- Contributed by
- People in story:
- Jean Gregory (nee Woodhead)
- Location of story:
- Jenkin Road, Sheffield
- Background to story:
- Article ID:
- Contributed on:
- 20 August 2005
When war was declared in September 1939, I was 11 years old, and well remember the air raids. Night after night we were awakened by the sirens and had to make a dash for the shelter in our garden.
One night sticks in my memory very clearly. It was Sunday 15th December when the East End of Sheffield was targeted. (The previous Thursday it was the Centre of Sheffield that was bombed). We lived near the steel works, the target for that night and the sirens sounded at about 7pm, so we made the dash for the shelter.
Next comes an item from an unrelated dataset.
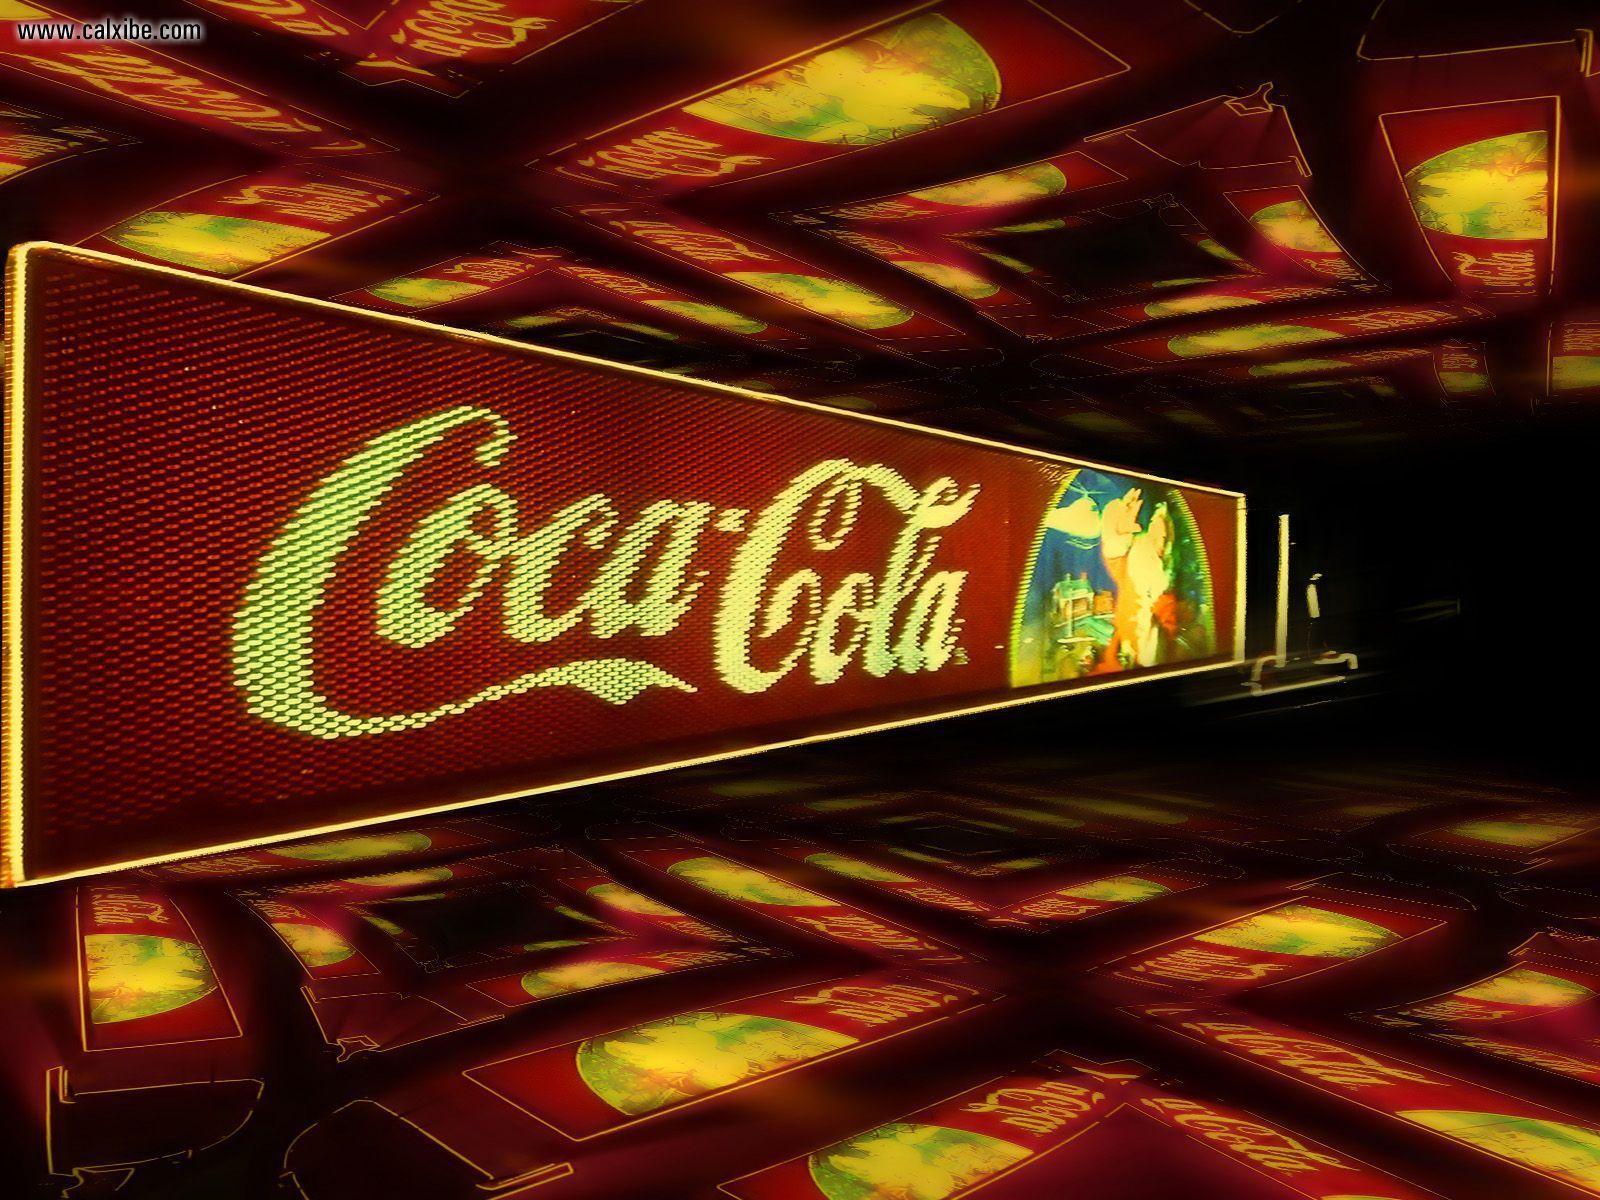 Coca-Cola Christmas Wallpaper | View Coca Cola - Christmas Truck in ...

In our haste we forgot to take my pet canary (a Yorkshire roler) with us, and when we remembered there was no way we could leave the shelter to get him, which upset us all very much.
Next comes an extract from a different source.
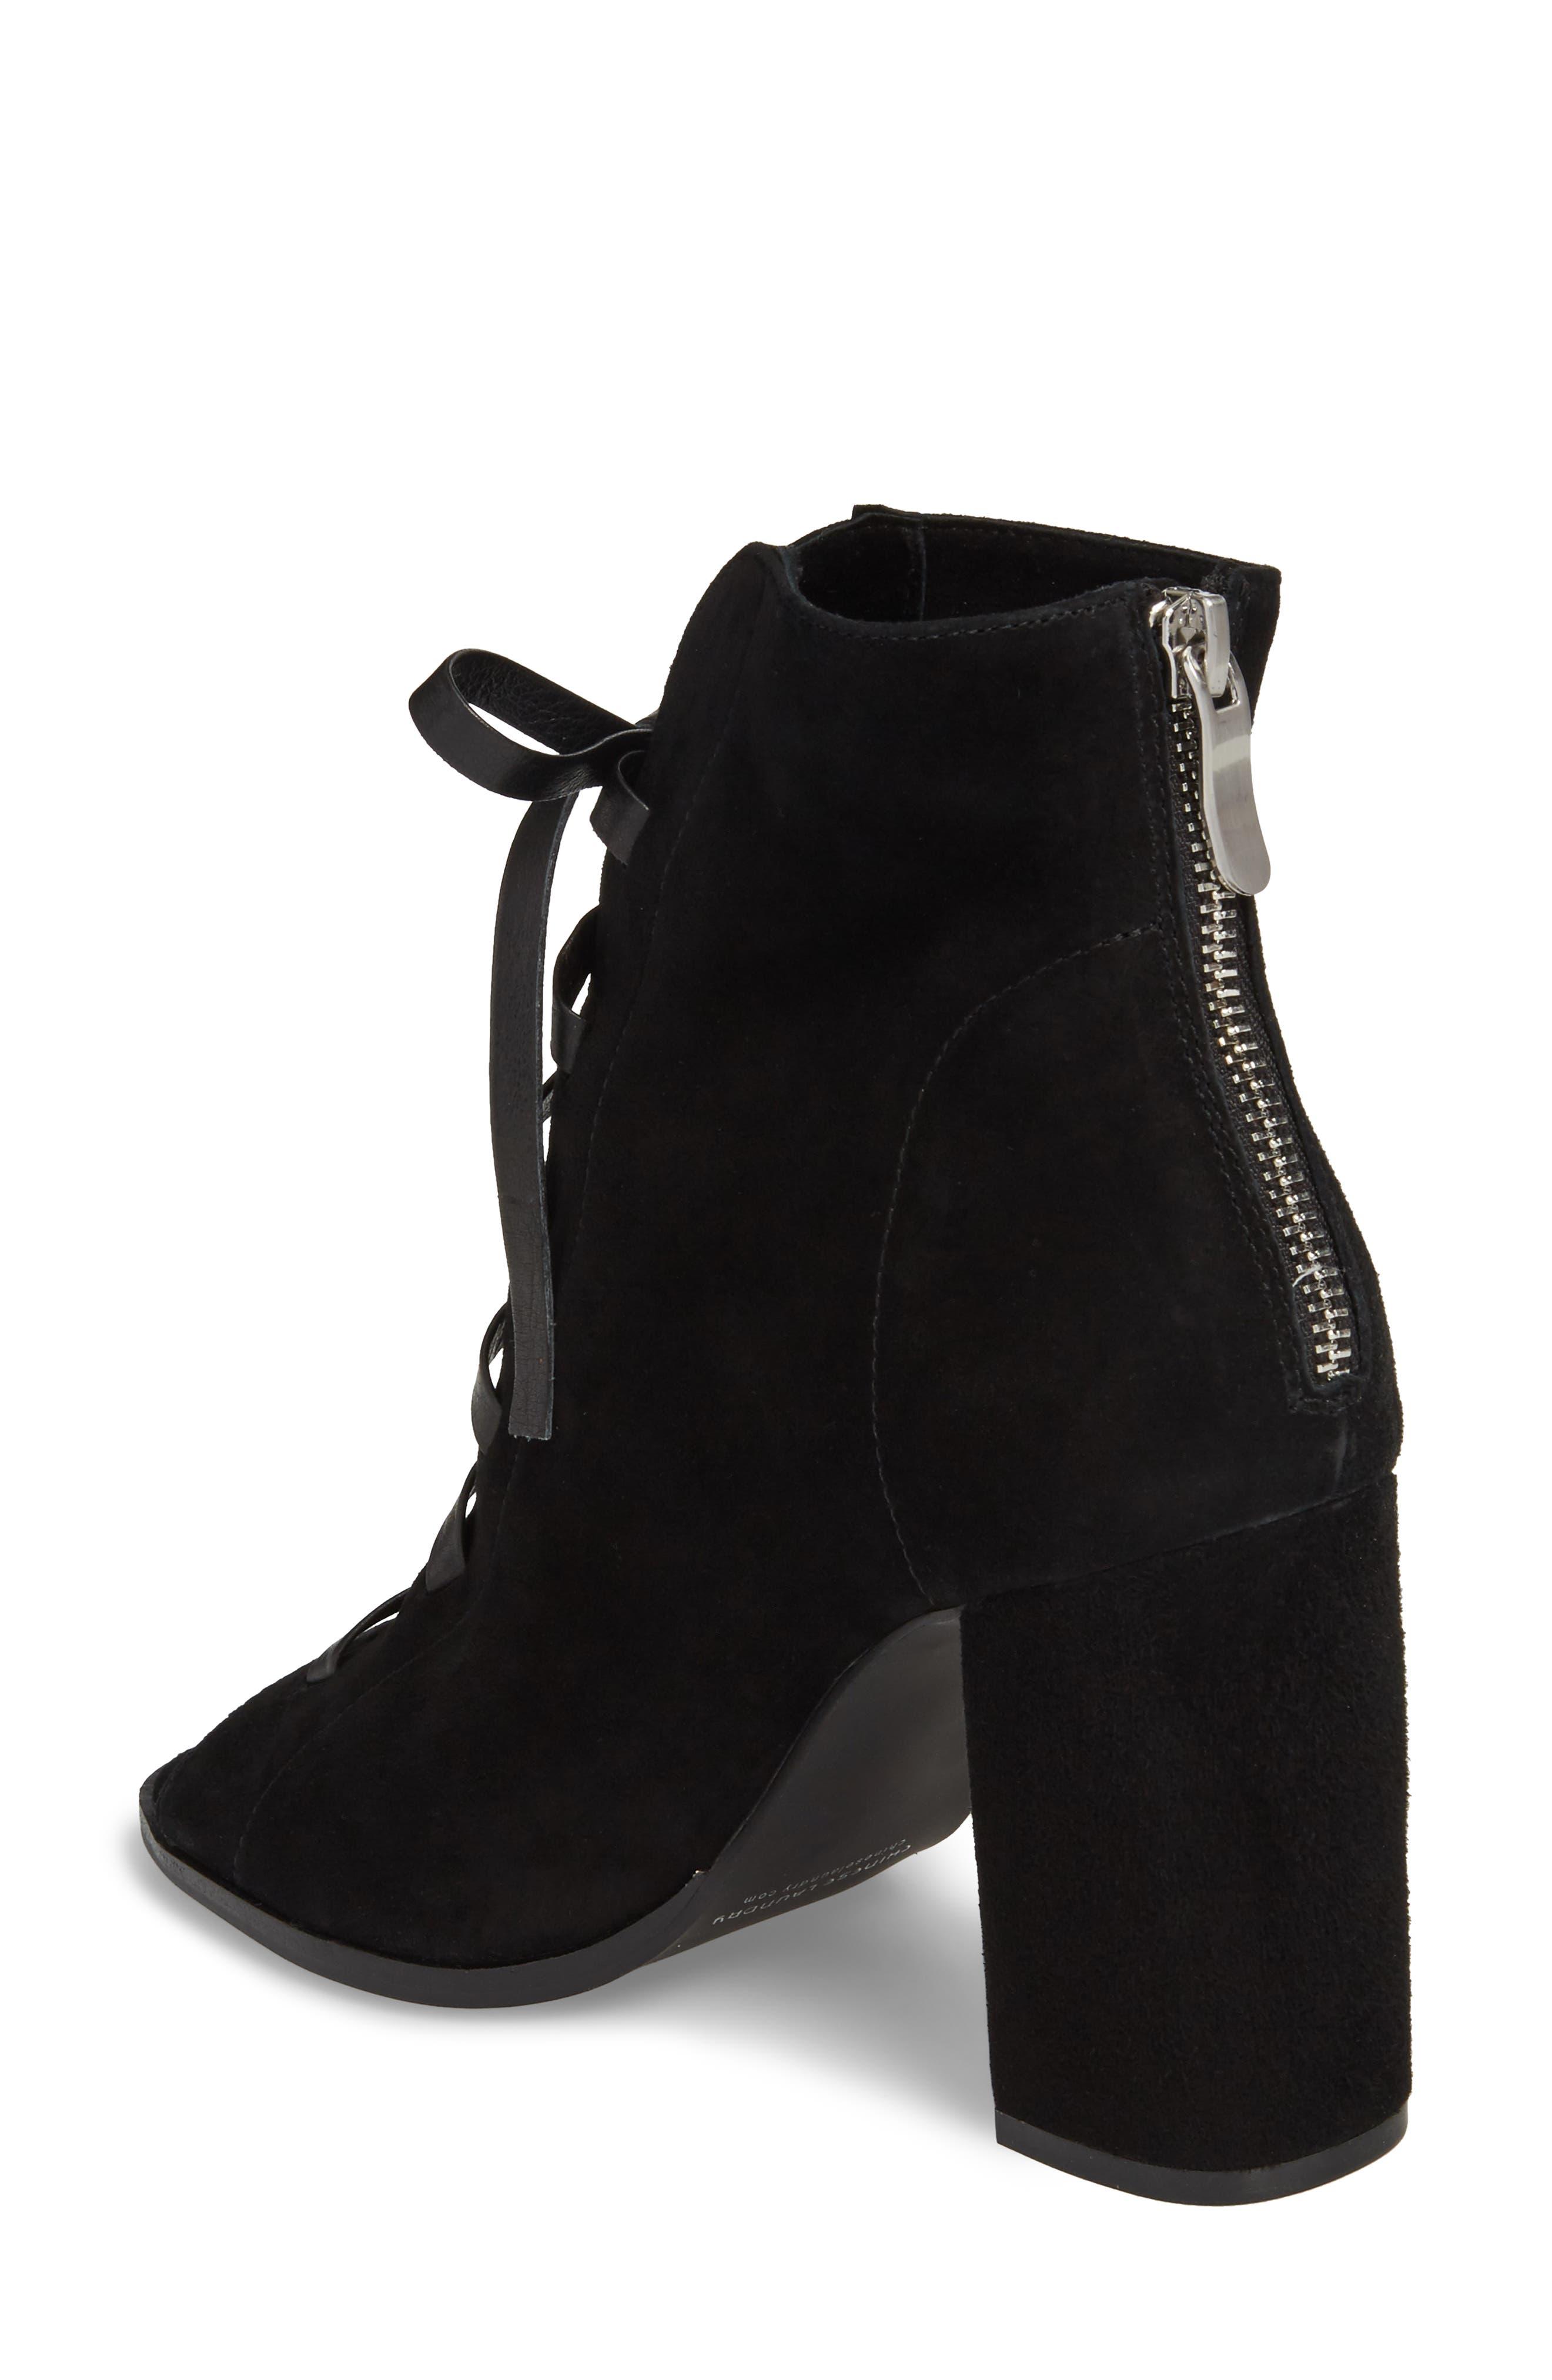 Alternate Image 2  - Kristin Cavallari Layton Lace-Up Boot (Women)

The German planes were overhead and the guns were firing non stop. A large land mine was dropped on the railway station at the top of our road (Jenkin Road) and a lot of debris had fallen on top of us. When we finally heard the all clear, we had to dig ourselves out of the shelter and found that the roof had been blown off the house and the back door had been blown through three internal doors and into the street. All the windows had been blown out but the canary however, was still in his cage in a corner, black with soot but unharmed and singing away! Something of a miracle.
The next few hours were spent salvaging what clothes and possesions we could and walking to my sister's house on Shiregreen. The canary went with us, mother carrying the cage, and I always think of this when I hear the song, "My old man said follow the van ... and don't dilly dally on the way".